Votar no es un acto simbólico: es una decisión que define el rumbo del país por cuatro años. Por eso, el voto debe ser consciente, informado y exigente. El candidato debe demostrar que merece confianza, que sabe gobernar, que respeta el patrimonio público, y que sabrá rodearse de colaboradores íntegros. No basta con que prometa “cambio”. Hay que preguntarse: ¿cambio hacia dónde?, ¿con quién?, ¿a costa de qué?, ¿con qué medios y con qué principios?

Durante el gobierno del llamado Pacto Histórico, Colombia vivió un cambio, sí, pero no el que se prometió. Se sustituyeron las buenas maneras por la chabacanería, la honestidad por la corrupción, y la diplomacia por la grosería. Las relaciones internacionales se deterioraron, la institucionalidad se debilitó, y el discurso público se llenó de resentimiento, improvisación y desdén por las formas republicanas.

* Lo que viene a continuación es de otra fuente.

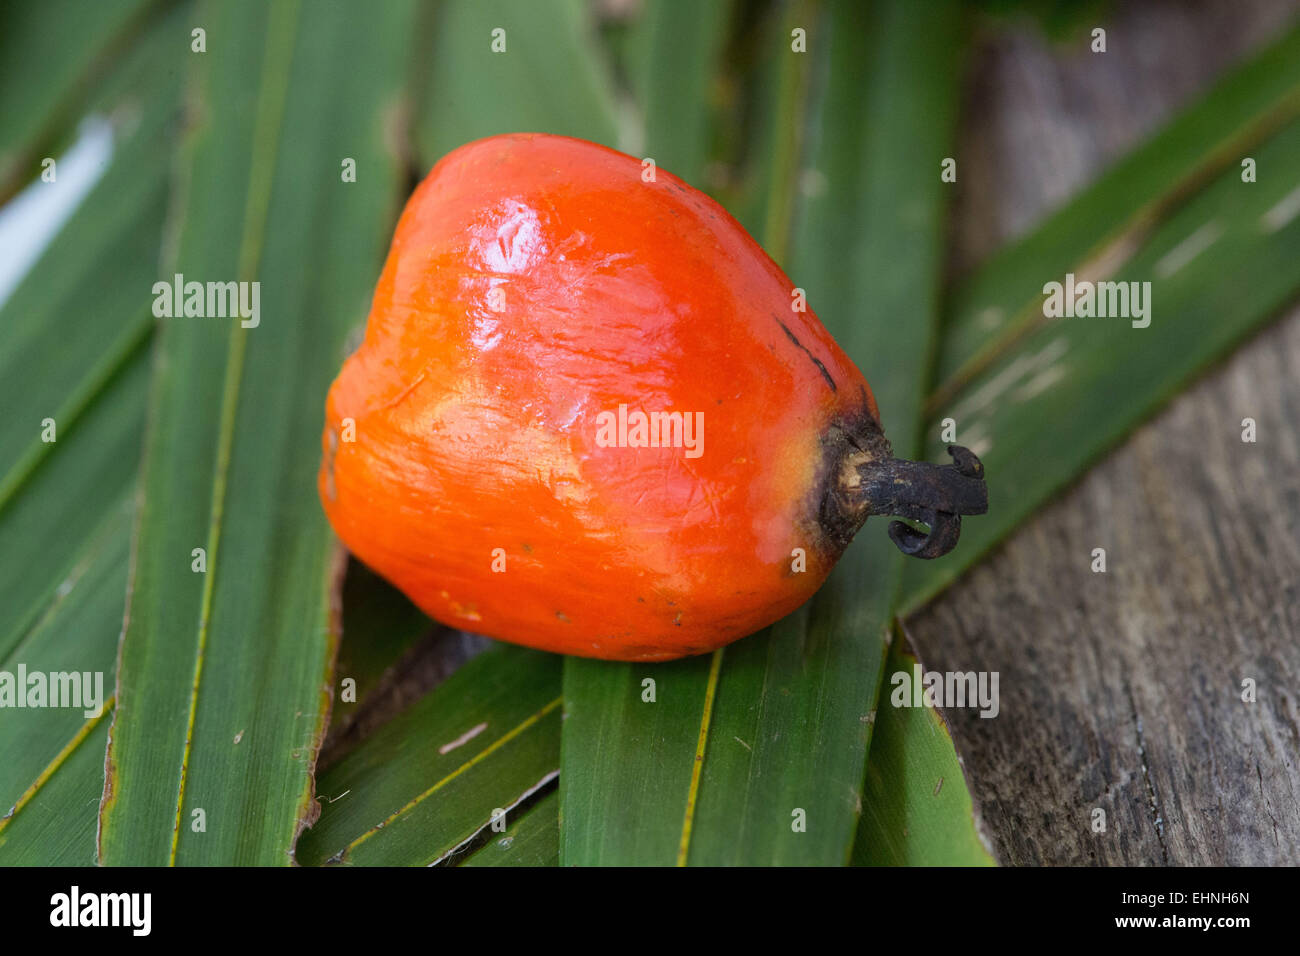 Tuercas de Palm, la fruta de la palma de aceite. Foto de stock

El cambio fue real, pero fue un cambio para peor. Y eso no puede volver a ocurrir. No podemos permitir que la frustración con el pasado nos lleve a abrazar cualquier alternativa sin escrutinio. No podemos seguir votando por reacción, por rabia o por costumbre. Debemos votar con criterio, con memoria y con visión de futuro.

La democracia no se construye con tamales ni con adobes. Se construye con ciudadanos que preguntan, que leen, que debaten, que votan con dignidad. Colombia necesita electores que no se dejen comprar, sino que exijan rendición de cuentas. Porque el futuro del país no está en manos de los candidatos: está en manos de quienes los eligen. Y si queremos un país distinto, debemos empezar por ser electores distintos. No hay atajo. No hay milagro. Solo hay responsabilidad.